◆ **Problem description**: The entries should be written out again exactly as they read.

Excerpts from a dataset:
________

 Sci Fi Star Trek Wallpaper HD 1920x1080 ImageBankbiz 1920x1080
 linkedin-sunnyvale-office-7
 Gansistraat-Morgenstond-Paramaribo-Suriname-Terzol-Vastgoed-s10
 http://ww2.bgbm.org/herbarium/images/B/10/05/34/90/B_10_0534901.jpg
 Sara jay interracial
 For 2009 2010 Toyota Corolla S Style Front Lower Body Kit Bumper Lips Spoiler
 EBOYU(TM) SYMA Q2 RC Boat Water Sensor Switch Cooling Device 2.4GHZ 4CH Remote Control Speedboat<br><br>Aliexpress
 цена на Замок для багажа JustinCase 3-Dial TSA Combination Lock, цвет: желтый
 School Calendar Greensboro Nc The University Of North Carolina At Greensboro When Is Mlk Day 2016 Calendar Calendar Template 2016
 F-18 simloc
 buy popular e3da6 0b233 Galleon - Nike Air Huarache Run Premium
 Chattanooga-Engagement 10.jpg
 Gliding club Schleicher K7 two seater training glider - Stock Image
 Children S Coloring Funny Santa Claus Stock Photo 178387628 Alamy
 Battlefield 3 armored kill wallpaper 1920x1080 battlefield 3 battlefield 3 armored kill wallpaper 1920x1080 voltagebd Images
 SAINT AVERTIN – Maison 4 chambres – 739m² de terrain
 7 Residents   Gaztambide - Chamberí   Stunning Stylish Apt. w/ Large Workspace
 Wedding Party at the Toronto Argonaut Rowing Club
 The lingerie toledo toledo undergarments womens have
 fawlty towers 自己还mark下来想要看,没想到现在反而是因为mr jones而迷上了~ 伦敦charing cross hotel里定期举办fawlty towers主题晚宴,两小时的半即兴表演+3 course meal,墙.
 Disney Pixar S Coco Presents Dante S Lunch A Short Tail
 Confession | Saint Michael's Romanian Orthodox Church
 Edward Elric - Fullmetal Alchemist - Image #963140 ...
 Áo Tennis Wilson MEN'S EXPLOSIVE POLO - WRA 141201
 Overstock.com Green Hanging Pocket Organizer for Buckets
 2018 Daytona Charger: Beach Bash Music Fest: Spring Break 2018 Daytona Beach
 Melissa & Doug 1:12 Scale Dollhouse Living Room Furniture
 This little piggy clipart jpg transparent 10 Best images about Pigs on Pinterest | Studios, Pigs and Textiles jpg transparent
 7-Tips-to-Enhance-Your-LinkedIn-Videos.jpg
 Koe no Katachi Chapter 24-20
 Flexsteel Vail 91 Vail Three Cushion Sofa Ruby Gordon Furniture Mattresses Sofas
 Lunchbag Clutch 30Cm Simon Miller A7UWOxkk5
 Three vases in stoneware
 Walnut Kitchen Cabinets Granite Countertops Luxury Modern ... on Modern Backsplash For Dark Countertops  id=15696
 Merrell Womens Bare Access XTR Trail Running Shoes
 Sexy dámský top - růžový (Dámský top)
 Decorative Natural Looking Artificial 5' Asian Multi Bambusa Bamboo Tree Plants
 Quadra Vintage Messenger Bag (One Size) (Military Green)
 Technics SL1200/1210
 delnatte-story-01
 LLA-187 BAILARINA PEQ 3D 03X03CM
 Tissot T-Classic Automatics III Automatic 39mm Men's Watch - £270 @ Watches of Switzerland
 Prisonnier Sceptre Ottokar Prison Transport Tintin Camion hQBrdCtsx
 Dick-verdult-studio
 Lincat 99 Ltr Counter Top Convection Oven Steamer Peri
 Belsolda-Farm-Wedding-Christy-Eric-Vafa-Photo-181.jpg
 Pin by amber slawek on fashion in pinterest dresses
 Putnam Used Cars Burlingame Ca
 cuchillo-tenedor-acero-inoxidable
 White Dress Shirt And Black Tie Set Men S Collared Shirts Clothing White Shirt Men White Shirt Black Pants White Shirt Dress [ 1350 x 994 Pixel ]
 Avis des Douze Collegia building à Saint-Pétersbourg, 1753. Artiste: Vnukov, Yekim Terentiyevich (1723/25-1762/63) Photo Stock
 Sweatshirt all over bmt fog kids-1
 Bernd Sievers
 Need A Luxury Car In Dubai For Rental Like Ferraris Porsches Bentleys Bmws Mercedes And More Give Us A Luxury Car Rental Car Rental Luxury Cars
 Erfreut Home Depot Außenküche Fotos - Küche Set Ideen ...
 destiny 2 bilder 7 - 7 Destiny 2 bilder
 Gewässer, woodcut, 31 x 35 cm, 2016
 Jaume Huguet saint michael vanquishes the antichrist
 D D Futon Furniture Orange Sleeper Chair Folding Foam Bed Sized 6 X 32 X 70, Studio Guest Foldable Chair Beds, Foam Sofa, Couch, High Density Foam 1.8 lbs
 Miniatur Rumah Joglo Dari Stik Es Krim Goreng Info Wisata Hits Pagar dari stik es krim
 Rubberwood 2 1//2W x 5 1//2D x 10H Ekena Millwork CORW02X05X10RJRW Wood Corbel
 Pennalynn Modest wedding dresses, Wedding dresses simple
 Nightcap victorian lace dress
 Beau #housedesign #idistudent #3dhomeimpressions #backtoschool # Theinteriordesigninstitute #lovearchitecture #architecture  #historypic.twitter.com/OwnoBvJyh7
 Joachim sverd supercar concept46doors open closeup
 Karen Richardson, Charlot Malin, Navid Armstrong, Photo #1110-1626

________

◆ **Solution**:
 Sci Fi Star Trek Wallpaper HD 1920x1080 ImageBankbiz 1920x1080
 linkedin-sunnyvale-office-7
 Gansistraat-Morgenstond-Paramaribo-Suriname-Terzol-Vastgoed-s10
 http://ww2.bgbm.org/herbarium/images/B/10/05/34/90/B_10_0534901.jpg
 Sara jay interracial
 For 2009 2010 Toyota Corolla S Style Front Lower Body Kit Bumper Lips Spoiler
 EBOYU(TM) SYMA Q2 RC Boat Water Sensor Switch Cooling Device 2.4GHZ 4CH Remote Control Speedboat<br><br>Aliexpress
 цена на Замок для багажа JustinCase 3-Dial TSA Combination Lock, цвет: желтый
 School Calendar Greensboro Nc The University Of North Carolina At Greensboro When Is Mlk Day 2016 Calendar Calendar Template 2016
 F-18 simloc
 buy popular e3da6 0b233 Galleon - Nike Air Huarache Run Premium
 Chattanooga-Engagement 10.jpg
 Gliding club Schleicher K7 two seater training glider - Stock Image
 Children S Coloring Funny Santa Claus Stock Photo 178387628 Alamy
 Battlefield 3 armored kill wallpaper 1920x1080 battlefield 3 battlefield 3 armored kill wallpaper 1920x1080 voltagebd Images
 SAINT AVERTIN – Maison 4 chambres – 739m² de terrain
 7 Residents   Gaztambide - Chamberí   Stunning Stylish Apt. w/ Large Workspace
 Wedding Party at the Toronto Argonaut Rowing Club
 The lingerie toledo toledo undergarments womens have
 fawlty towers 自己还mark下来想要看,没想到现在反而是因为mr jones而迷上了~ 伦敦charing cross hotel里定期举办fawlty towers主题晚宴,两小时的半即兴表演+3 course meal,墙.
 Disney Pixar S Coco Presents Dante S Lunch A Short Tail
 Confession | Saint Michael's Romanian Orthodox Church
 Edward Elric - Fullmetal Alchemist - Image #963140 ...
 Áo Tennis Wilson MEN'S EXPLOSIVE POLO - WRA 141201
 Overstock.com Green Hanging Pocket Organizer for Buckets
 2018 Daytona Charger: Beach Bash Music Fest: Spring Break 2018 Daytona Beach
 Melissa & Doug 1:12 Scale Dollhouse Living Room Furniture
 This little piggy clipart jpg transparent 10 Best images about Pigs on Pinterest | Studios, Pigs and Textiles jpg transparent
 7-Tips-to-Enhance-Your-LinkedIn-Videos.jpg
 Koe no Katachi Chapter 24-20
 Flexsteel Vail 91 Vail Three Cushion Sofa Ruby Gordon Furniture Mattresses Sofas
 Lunchbag Clutch 30Cm Simon Miller A7UWOxkk5
 Three vases in stoneware
 Walnut Kitchen Cabinets Granite Countertops Luxury Modern ... on Modern Backsplash For Dark Countertops  id=15696
 Merrell Womens Bare Access XTR Trail Running Shoes
 Sexy dámský top - růžový (Dámský top)
 Decorative Natural Looking Artificial 5' Asian Multi Bambusa Bamboo Tree Plants
 Quadra Vintage Messenger Bag (One Size) (Military Green)
 Technics SL1200/1210
 delnatte-story-01
 LLA-187 BAILARINA PEQ 3D 03X03CM
 Tissot T-Classic Automatics III Automatic 39mm Men's Watch - £270 @ Watches of Switzerland
 Prisonnier Sceptre Ottokar Prison Transport Tintin Camion hQBrdCtsx
 Dick-verdult-studio
 Lincat 99 Ltr Counter Top Convection Oven Steamer Peri
 Belsolda-Farm-Wedding-Christy-Eric-Vafa-Photo-181.jpg
 Pin by amber slawek on fashion in pinterest dresses
 Putnam Used Cars Burlingame Ca
 cuchillo-tenedor-acero-inoxidable
 White Dress Shirt And Black Tie Set Men S Collared Shirts Clothing White Shirt Men White Shirt Black Pants White Shirt Dress [ 1350 x 994 Pixel ]
 Avis des Douze Collegia building à Saint-Pétersbourg, 1753. Artiste: Vnukov, Yekim Terentiyevich (1723/25-1762/63) Photo Stock
 Sweatshirt all over bmt fog kids-1
 Bernd Sievers
 Need A Luxury Car In Dubai For Rental Like Ferraris Porsches Bentleys Bmws Mercedes And More Give Us A Luxury Car Rental Car Rental Luxury Cars
 Erfreut Home Depot Außenküche Fotos - Küche Set Ideen ...
 destiny 2 bilder 7 - 7 Destiny 2 bilder
 Gewässer, woodcut, 31 x 35 cm, 2016
 Jaume Huguet saint michael vanquishes the antichrist
 D D Futon Furniture Orange Sleeper Chair Folding Foam Bed Sized 6 X 32 X 70, Studio Guest Foldable Chair Beds, Foam Sofa, Couch, High Density Foam 1.8 lbs
 Miniatur Rumah Joglo Dari Stik Es Krim Goreng Info Wisata Hits Pagar dari stik es krim
 Rubberwood 2 1//2W x 5 1//2D x 10H Ekena Millwork CORW02X05X10RJRW Wood Corbel
 Pennalynn Modest wedding dresses, Wedding dresses simple
 Nightcap victorian lace dress
 Beau #housedesign #idistudent #3dhomeimpressions #backtoschool # Theinteriordesigninstitute #lovearchitecture #architecture  #historypic.twitter.com/OwnoBvJyh7
 Joachim sverd supercar concept46doors open closeup
 Karen Richardson, Charlot Malin, Navid Armstrong, Photo #1110-1626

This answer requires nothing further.